В нетипичных случаях исходом процесса может явиться формирование в зоне поражений плотной грубой рубцовой ткани по типу гипертрофического или келоидного рубца – «келоидоподобная склеродермия», отложение в коже извести, изъязвление очага, малигнизация.

Несмотря на очевидный прогресс в изучении склеродермии, в целом, вопросы профилактики рецидивов, трудоспособности и качества жизни больных с ОС по-прежнему нуждаются в анализе и разработке (6). Существует мнение о том, что ОС, в особенности бляшечная форма болезни, является достаточно редкой, изолированной патологией с благоприятным течением и прогнозом, мало влияющей на качество жизни пациентов, уровень их социальной и профессиональной адаптации. Вместе с тем, по мнению ряда исследователей, вероятность трансформации ОС в системную склеродермию составляет до 40%, а распространенность данного дерматоза такова, что доля его в структуре дерматологической патологии достигает 1% и имеет неуклонную тенденцию к росту (1, 2).
Даже при наличии потенциальных возможностей раннего выявления, полноценной диагностики и адекватной терапии диагноз «бляшечной склеродермии» нередко устанавливается с большим опозданием. Этому способствует ряд обстоятельств, в частности, сложность, многоэтапность диагностики и терапии, преимущественная ориентированность лечебных мероприятий на воспрепятствование и исключение предпосылок к приобретению процессом системного характера. Они сложны, дорогостоящи, инвазивны (инъекции, местные обкалывания, электро- и фонофорез, УФА и ПУВА-терапия и пр.), имеют ряд серьезных противопоказаний, могут быть выполнены только в условиях стационара, а потому ограничены по времени, подразумевают под собой необходимость госпитализации, отказа от бытовой и профессиональной деятельности. Местные же процедуры в виде мазей и аппликаций, в основном, гормоносодержащих (мометазон, гидрокортизон, метилпреднизолон и пр.), пугают пациентов приобретением зависимости, заставляя уклоняться от выполнений данных рекомендаций врача. Следствием этого становятся рецидивирование и прогрессирование заболевания, повторные, по истечении месяцев и лет обращения к специалистам, когда и диагноз, и прогноз уже однозначно неблагоприятны и свидетельствуют о наличии тяжелого терапевтического недуга из группы коллагенозов (6). В сложившихся условиях очевидна необходимость поиска новых препаратов и лекарственных форм, применение которых в создавшихся условиях являлось бы адекватной альтернативой уже имеющимся средствам и отвечало бы следующим требованиям: патогенетическая направленность терапии, безопасность, удобство и простота применения, возможность длительного использования в амбулаторных условиях.
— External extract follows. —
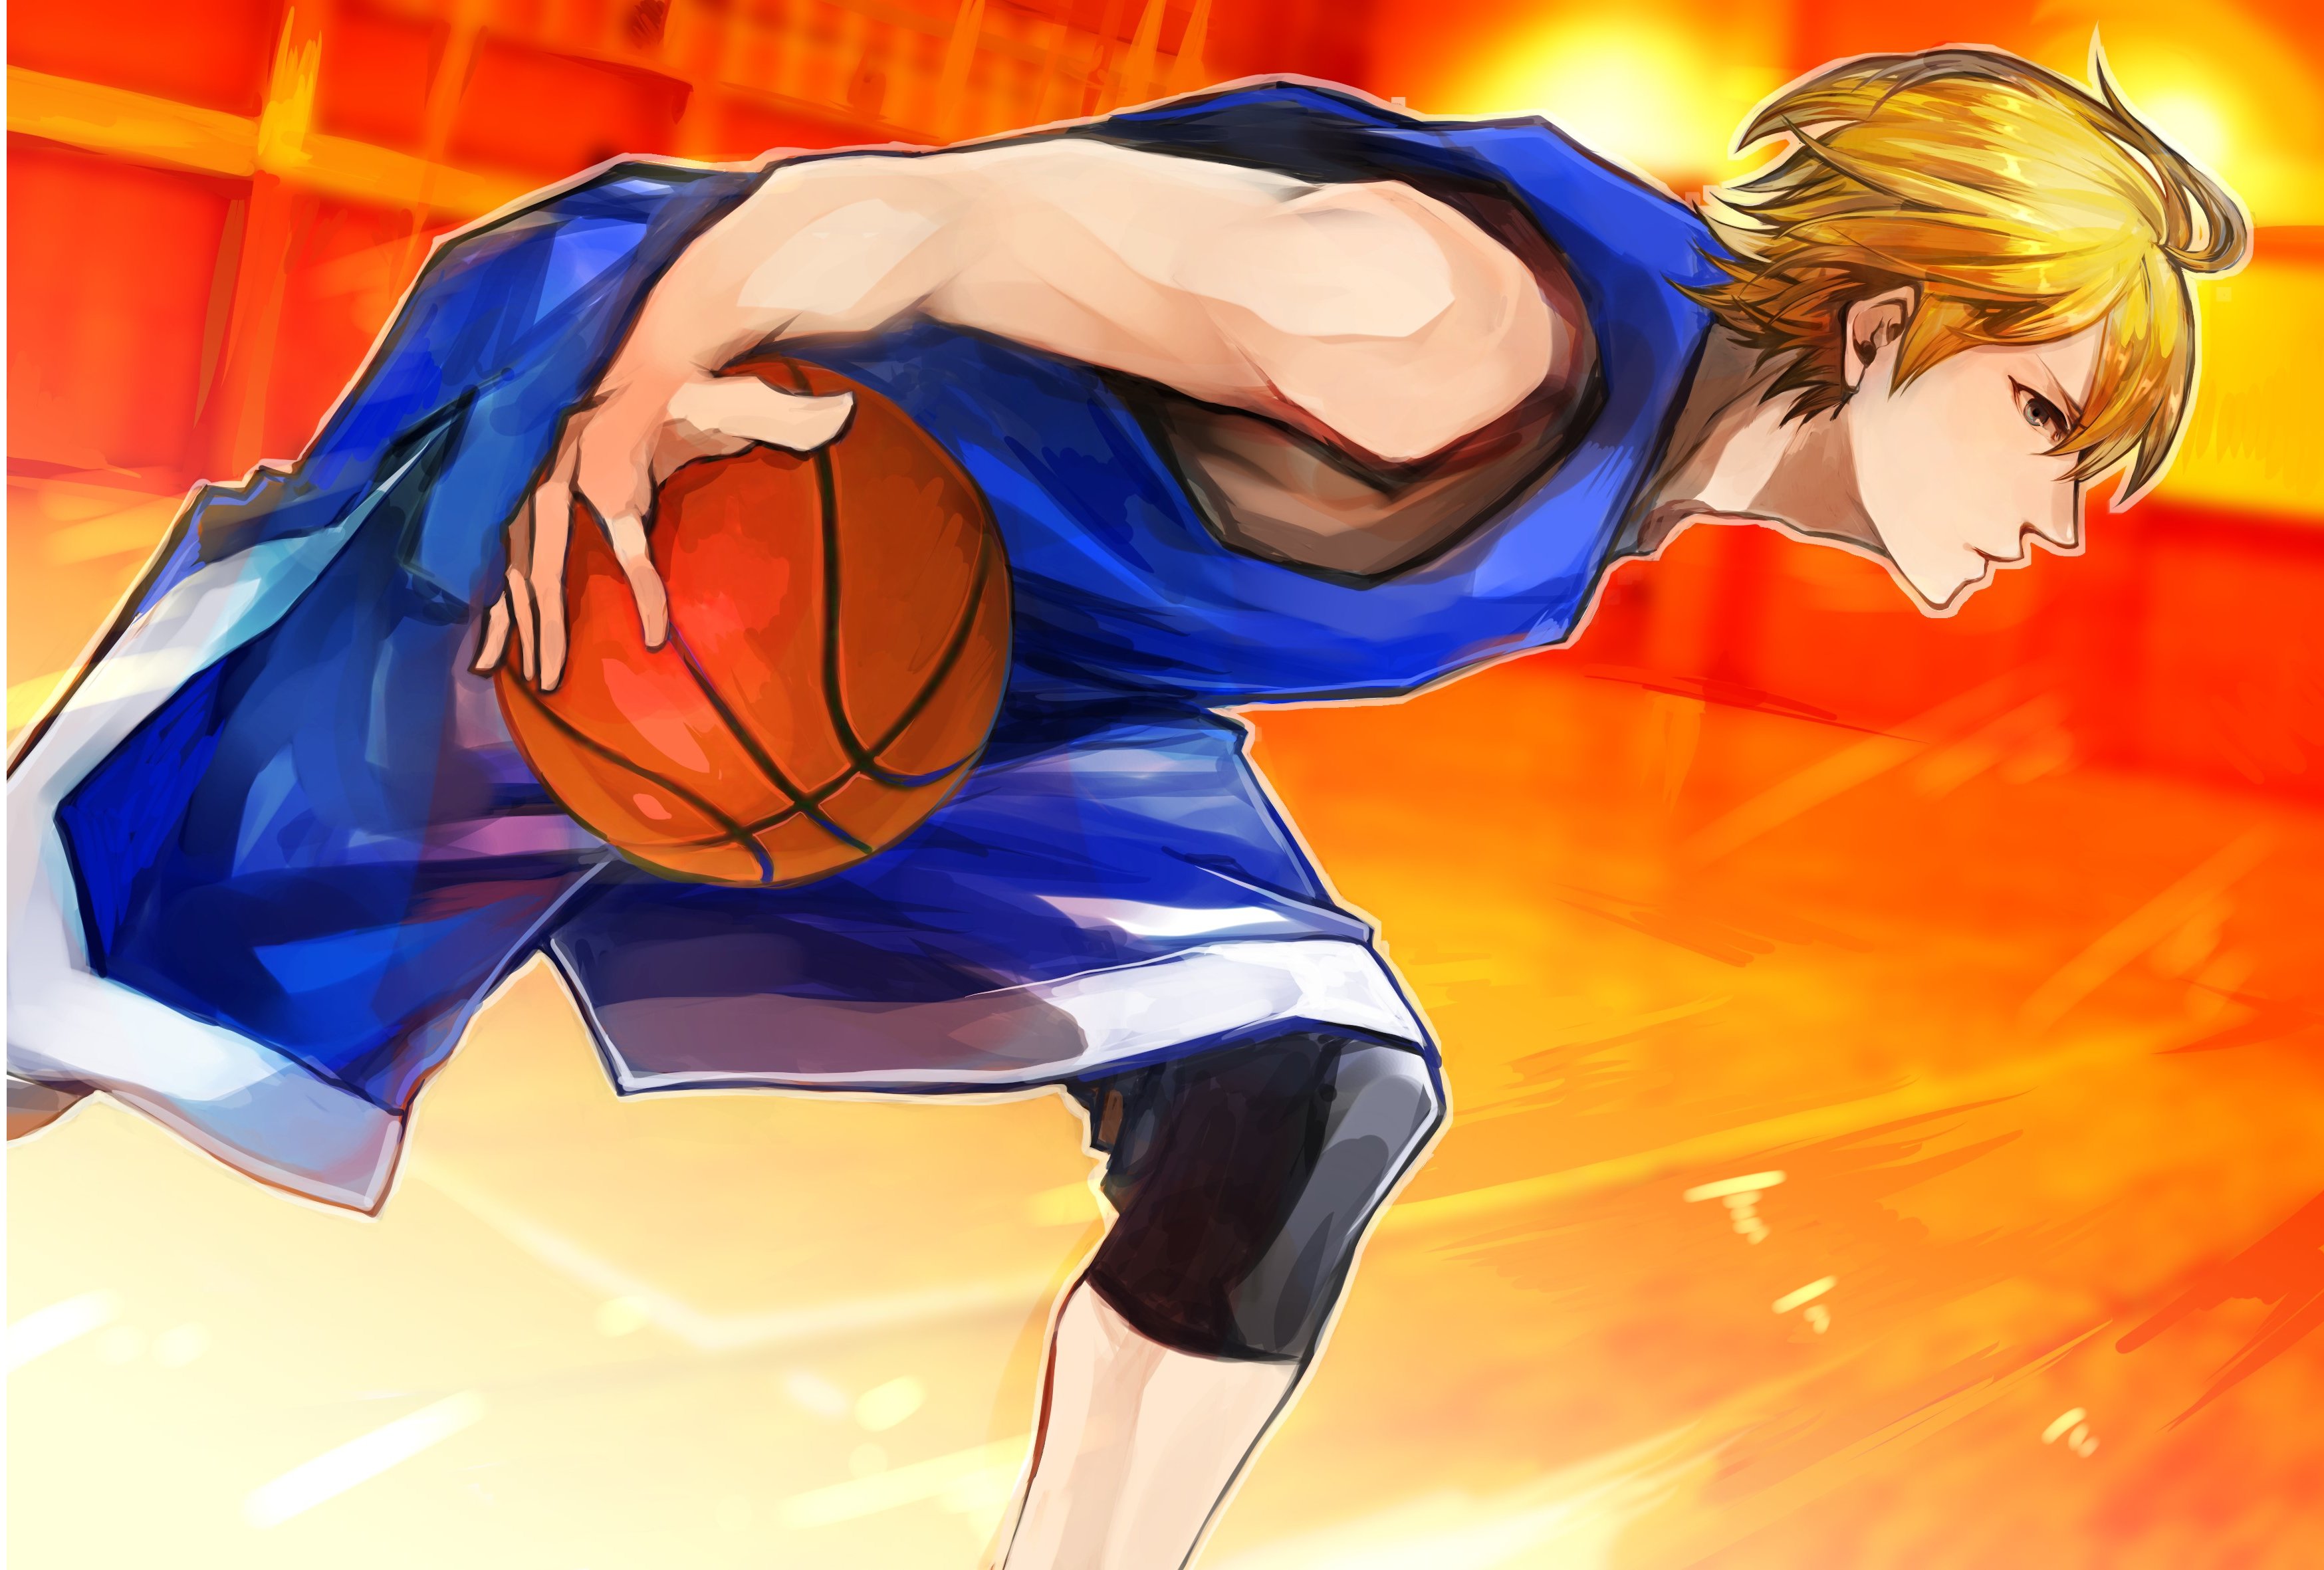 kise wallpaper,karikatur,anime,basketball,basketball spieler,basketball bewegt sich

В этом смысле применение оте-чественного препарата «Эгаллохит» (Галадерм), активной субстанцией которого является 10% эпигаллокатехин-3-галлат, представляется весьма перспективным. Механизмы действия данного препарата, направленные на основные звенья патогенеза патологического рубцевания, а именно: влияние на активность факторов роста, особенно VEGF, синтез и метаболизм коллагена, подавление синтеза цитокинов (ИЛ-1, 6, 8; ФНО-α, циклооксигеназы второго типа и простагландинов), поглощение пероксидных радикалов, снижение уровня чувствительности рецепторов клетки к Ig E и пр., дают основание к предположению о патогенетической обоснованности использования его при лечении склеродермии. Тем более, благодаря своей безопасности и эффективности, подтвержденной клиническими исследованиями, данный препарат давно и широко применяется как средство предотвращения патологического рубцевания после пластических операций, лазерных шлифовок кожи, фотодинамической терапии и пр., а также используется в комплексной терапии уже имеющихся гипертрофических, келоидных и атрофических рубцов совместно с инъекционной, лучевой терапией и другими методами (5).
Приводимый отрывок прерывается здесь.